Dry January is over. Now what?

With February finally here, following the recommended guidelines for alcohol consumption is more important than ever for those who participated in Dry January. Your tolerance might be low, and the last thing you want to do is shock your system with a night of heavy drinking.

Whether you used Dry January to abstain from alcohol or just cut back, you’ve made it through.

For many people, you used the month to try to lose weight, change drinking patterns, or improve mental health.

Follow these tips to safely reintroduce alcohol back into your diet after a hiatus.

Drink in moderation

The Dietary Guidelines for Americans defines moderate drinking as up to 1 standard drink per day for women and up to 2 drinks per day for men A standard drink is equivalent to a 12-ounce serving of regular beer, 5 ounces of wine or 1.5 ounces of distilled spirits. Consuming more than three drinks per day for women and more than four drinks per day for men is considered heavy drinking.

“I would suggest setting a goal and maintaining a goal within the dietary guideline recommendations if consuming alcohol,” says Dee Gabbard, a registered dietitian nutritionist at Aurora St. Luke’s Medical Center in Milwaukee, WI. “If overconsumption has been a problem and moderation is not an option, then sticking to non-alcoholic beverages would be advised.”

Remember the benefits of drinking less

Now that you’ve reached the end of Dry January, you’ve maybe noticed some positive changes like weight loss, better sleep or more energy. While these are some benefits you can see and feel, there are also some positive effects that can impact long-term health.

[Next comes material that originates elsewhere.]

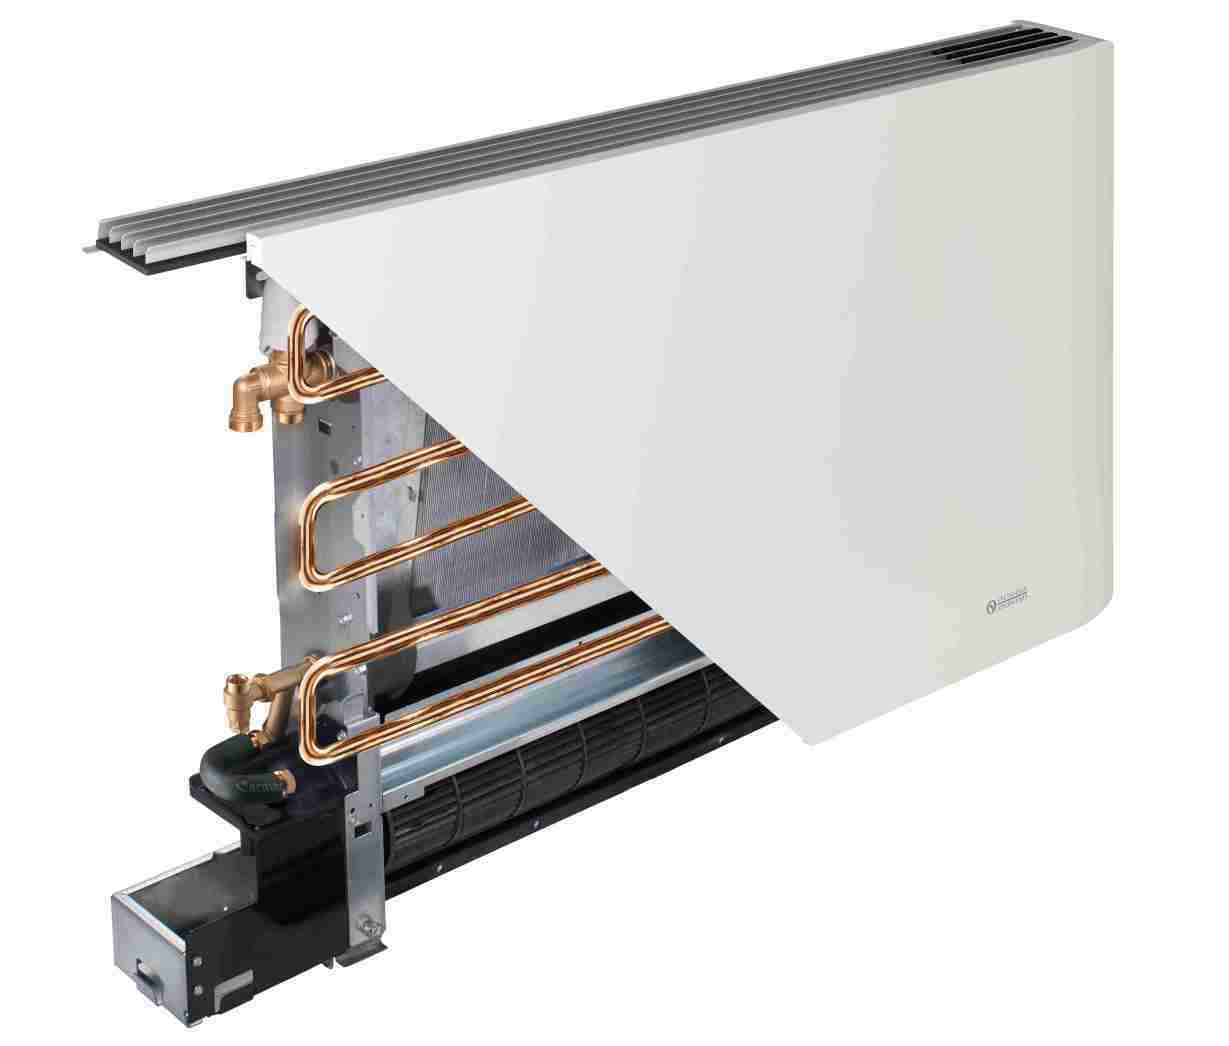 Pompa Di Calore Ventilconvettori cos'è il fancoil e come funziona • benvenuto nello shop del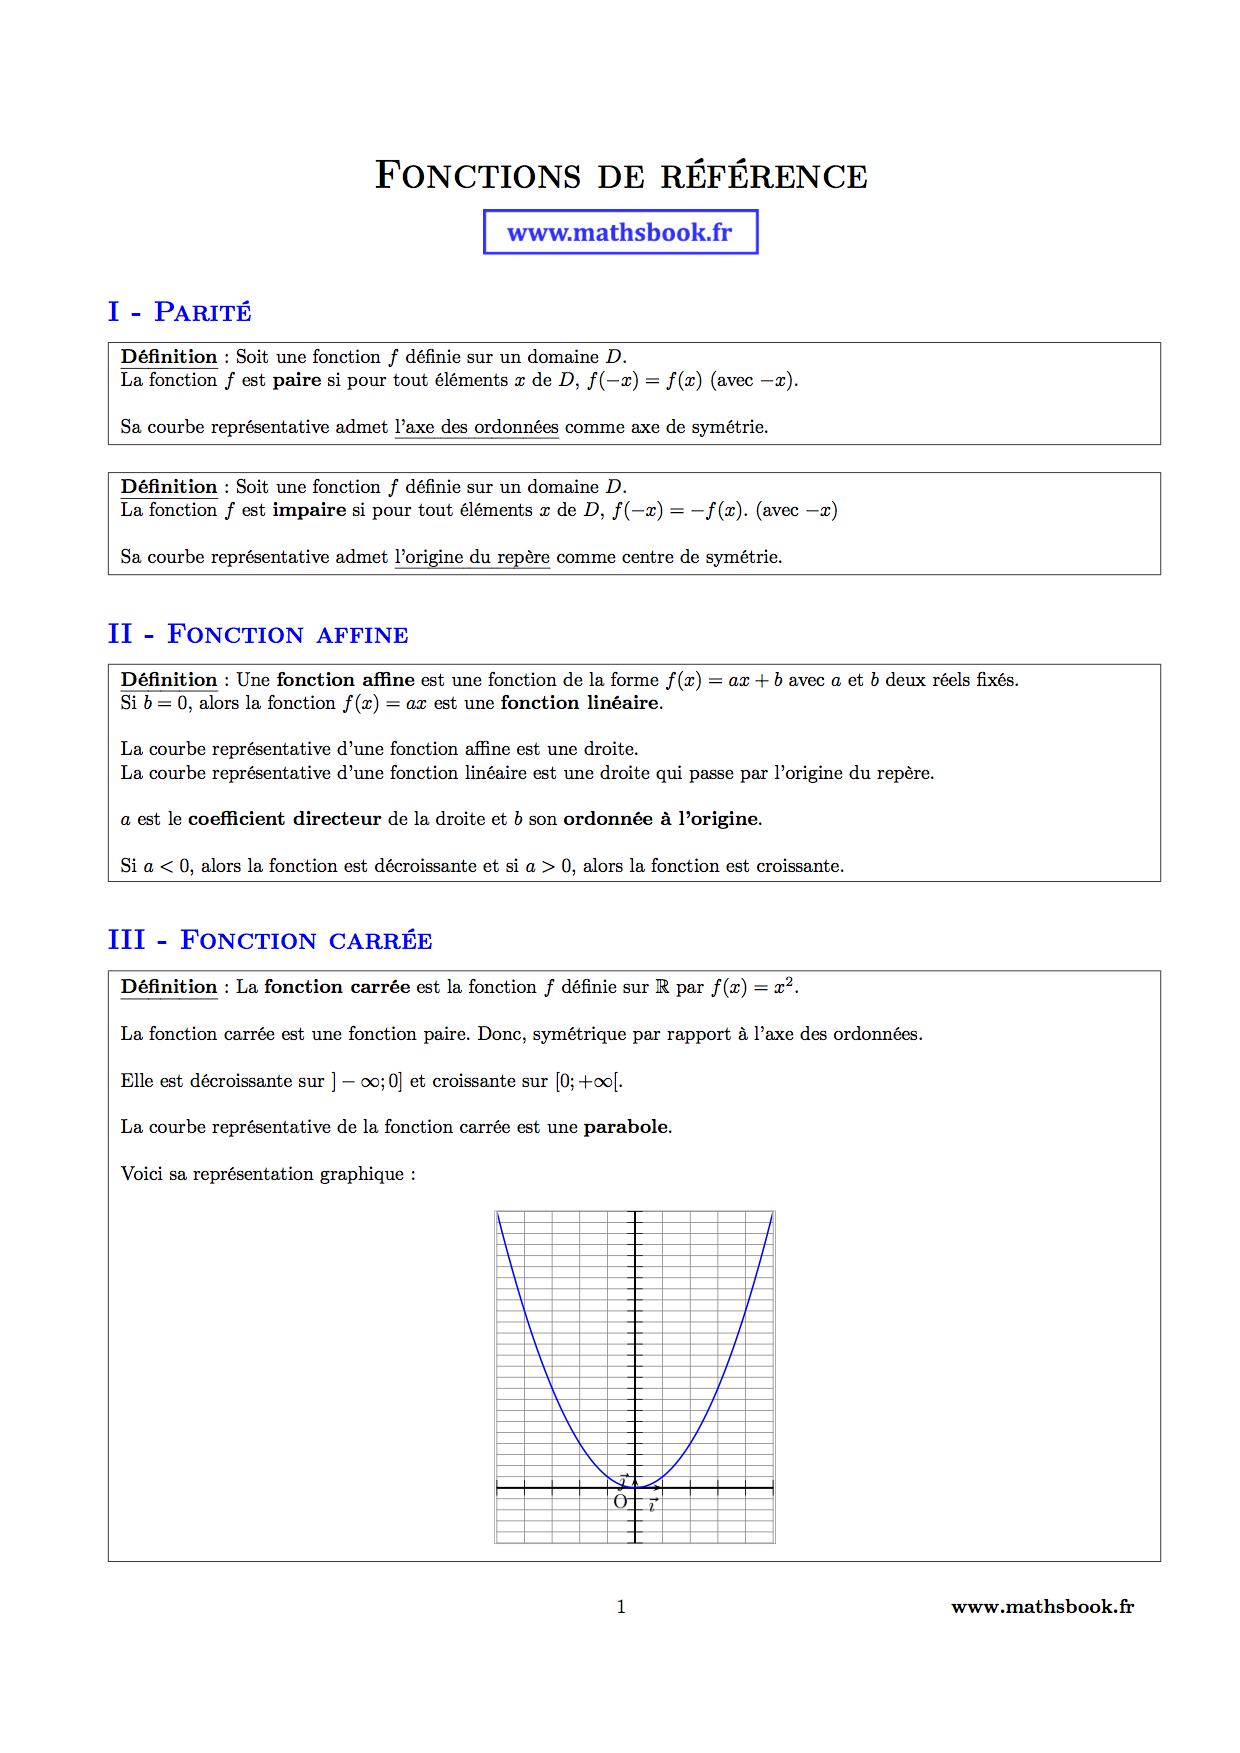 Les fonctions de reference. 3ème Mathématiques

With reduced alcohol intake, you avoid the many risks associated with excessive alcohol consumption. The American Heart Association reports that drinking too much alcohol increases your risk for high blood pressure, obesity, stroke, liver damage, injury and more. The risk of these harms increases with the amount of alcohol you drink. If you do decide to start drinking again in February, do so in moderation.

Avoid excessive alcohol use

The National Institute of Alcohol Abuse and Alcoholism (NIAAA) reported that in 2018, almost 27% of adults in the U.S. engaged in binge drinking, the most common form of excessive drinking, over the past month.

To avoid overconsumption when drinking alcoholic beverages, Gabbard offers some easy tips:

  • Begin with quenching your thirst with a nonalcoholic beverage such as water, sparkling water or a sugar free drink.
  • Drink alcoholic beverages slowly.
  • Use mixers like diet tonic water or club soda to make it last longer.